Lassen sich bei psychischen Störungen Unterschiede zwischen Jungen und Mädchen ausmachen?
Roessner: Jungen sind eher in der Kindheit auffällig. Bei ihnen macht sich das vorwiegend externalisierend - also nach außen gerichtet - bemerkbar. Bei Mädchen treten sie mehr in der Pubertät und internalisierend auf, zum Beispiel als Essstörung. Das ist ein Muster, das man weltweit findet. Bei Jungen stellen wir aber eine Zunahme der Essstörungen fest. Das hängt wohl auch mit dem von Medien vermittelten Körperideal zusammen.
Sind Eltern vor einem psychisch auffälligen Kind gefeit?

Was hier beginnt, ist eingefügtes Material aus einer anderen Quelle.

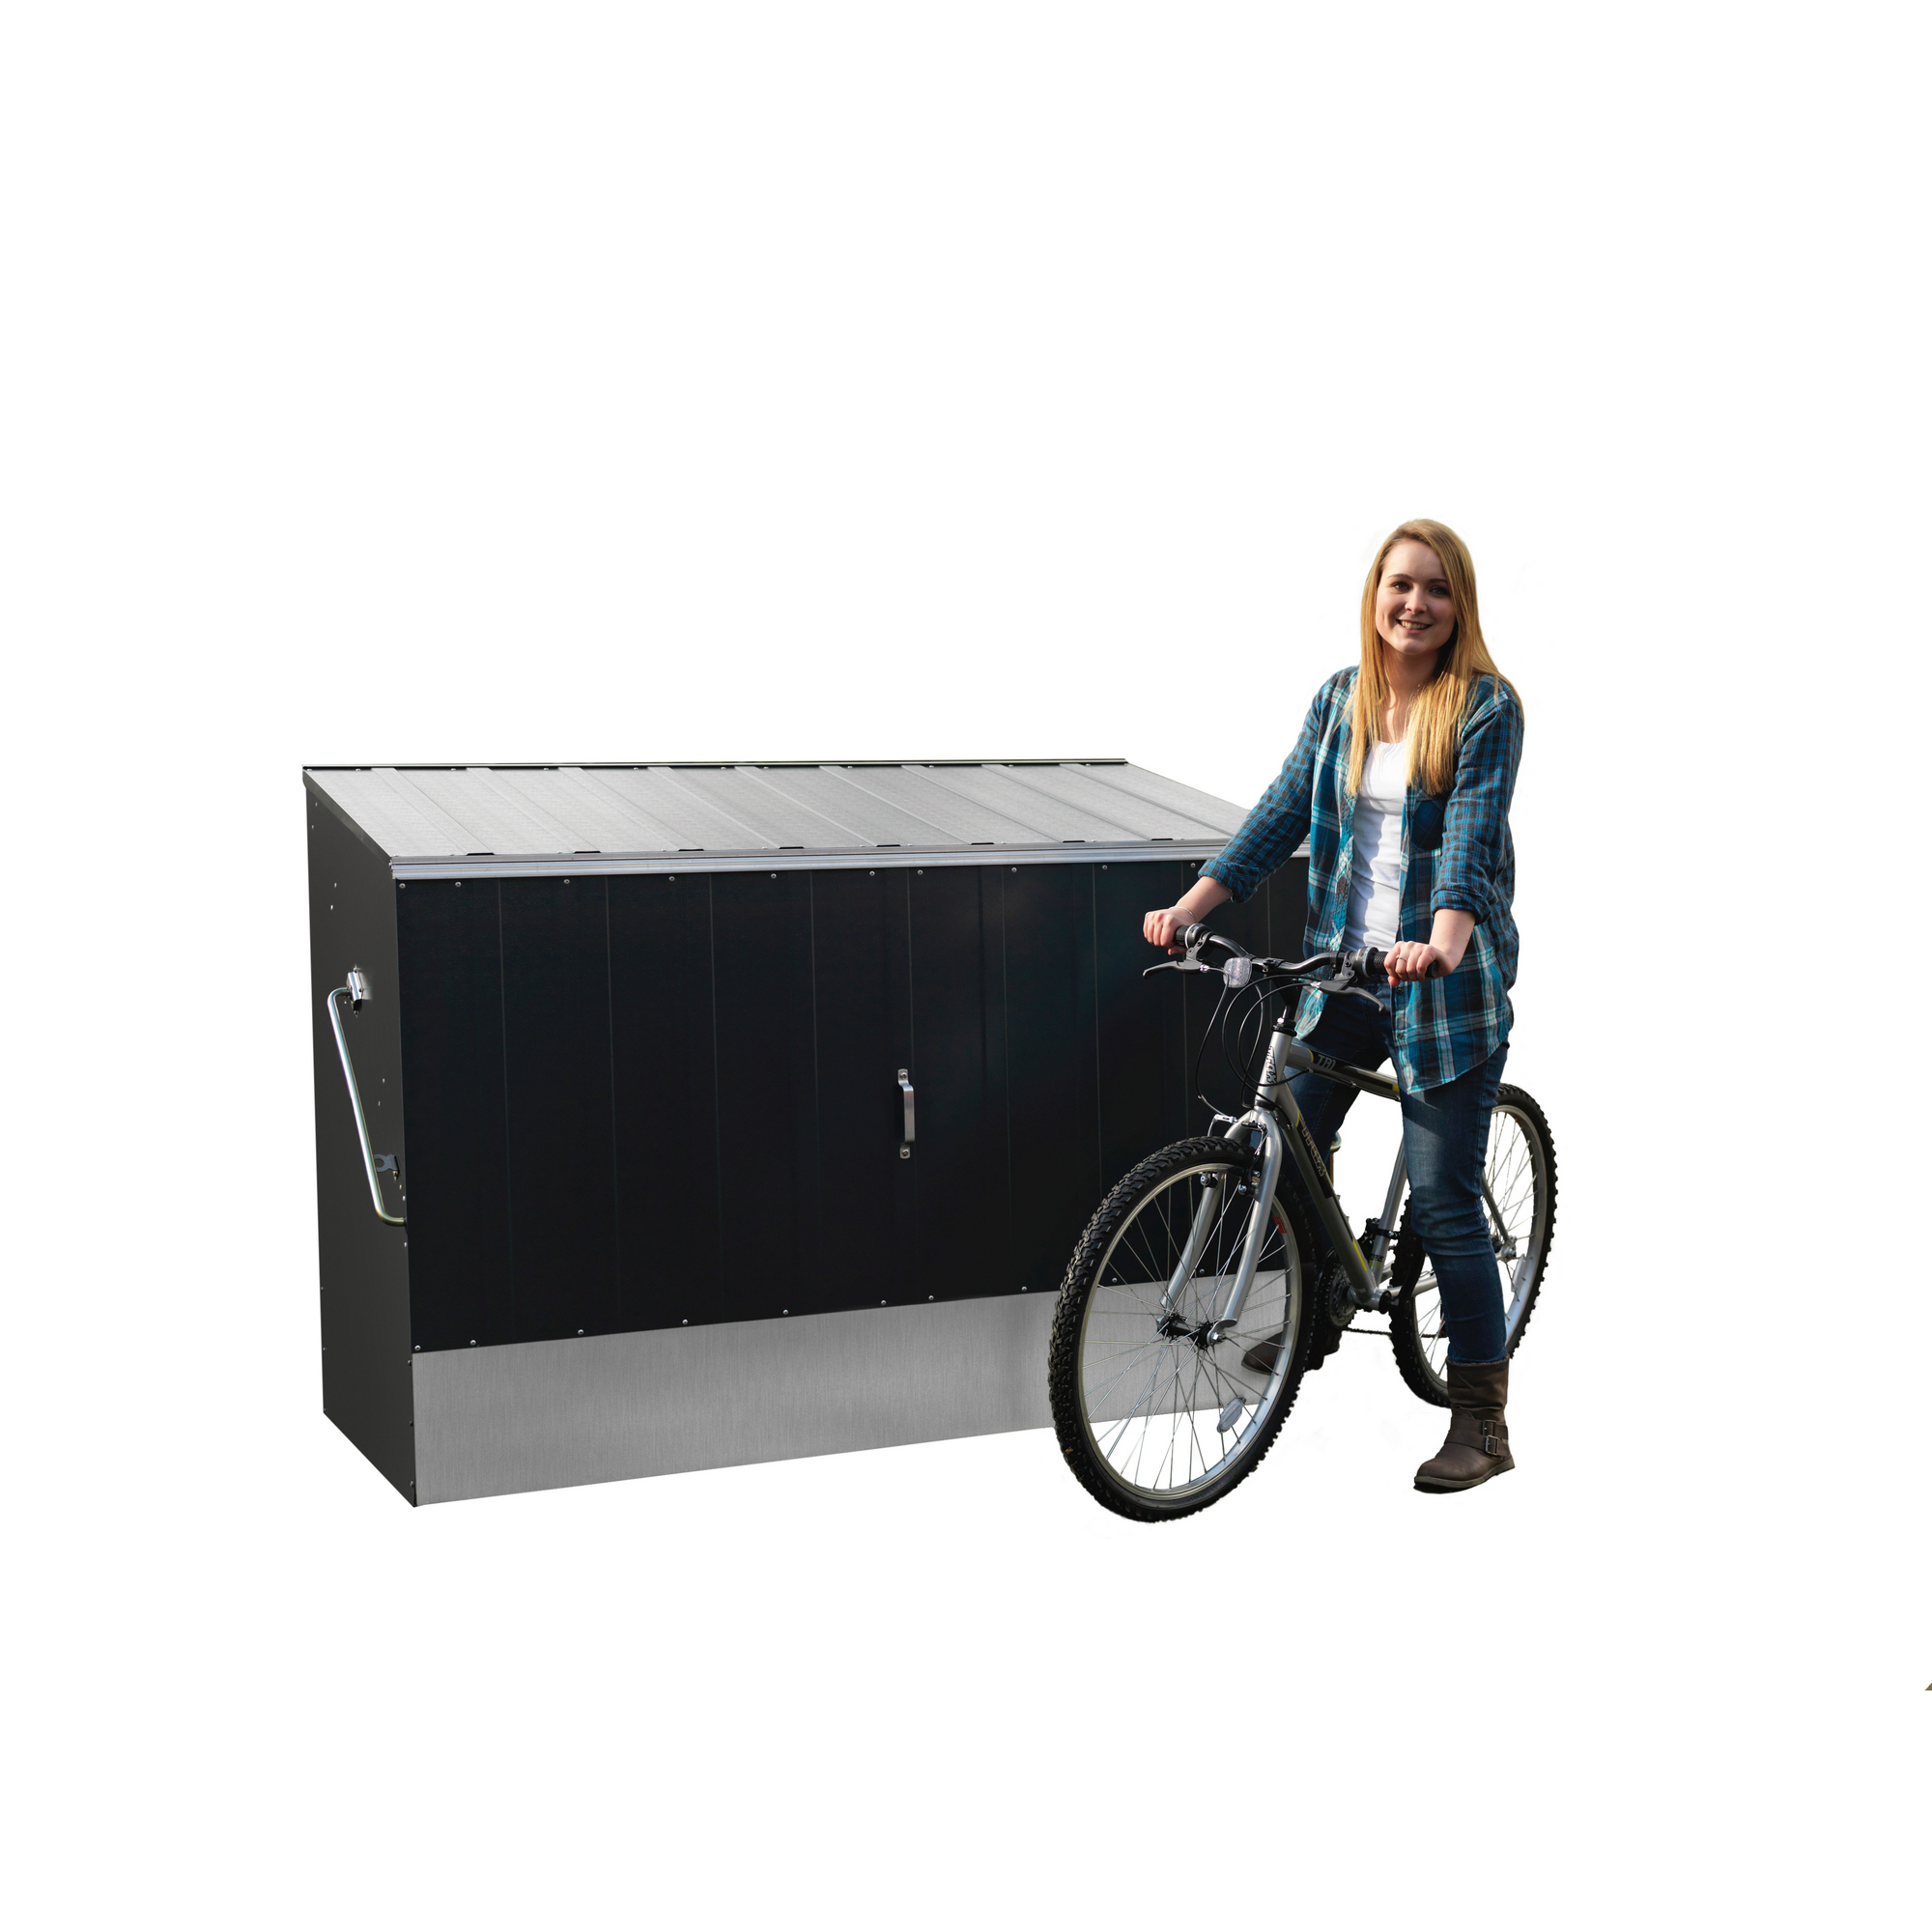 Fahrradbox mit Einfahrtsrampe Metall anthrazit 196 x 133 x 89 cm + product picture

Roessner: Alle Schichten sind betroffen. Je früher man zur Behandlung kommt, desto besser sind die Heilungschancen. Leider gibt es auch ein Imageproblem. Manche stellen sich unter dem Namen Kinder- und Jugendpsychiatrie Gummizelle, Spritzen und tonnenweise Ritalin vor. Wenn Eltern zu uns kommen, sind sie oft froh. Wir können ja gar nicht so selten auch Entwarnung geben. Wenn das Kind aber erstmal in den Brunnen gefallen ist, wird es schwer.
Sind Eltern manchmal auch erleichtert, wenn es eine Diagnose gibt - selbst eine schwierige wie ADHS?
Roessner: Klar. Dann haben sie etwas in der Hand, eine Erklärung. Und in jedem Gespräch sagen wir den Eltern schon am Anfang: Es geht hier nicht um Schuld.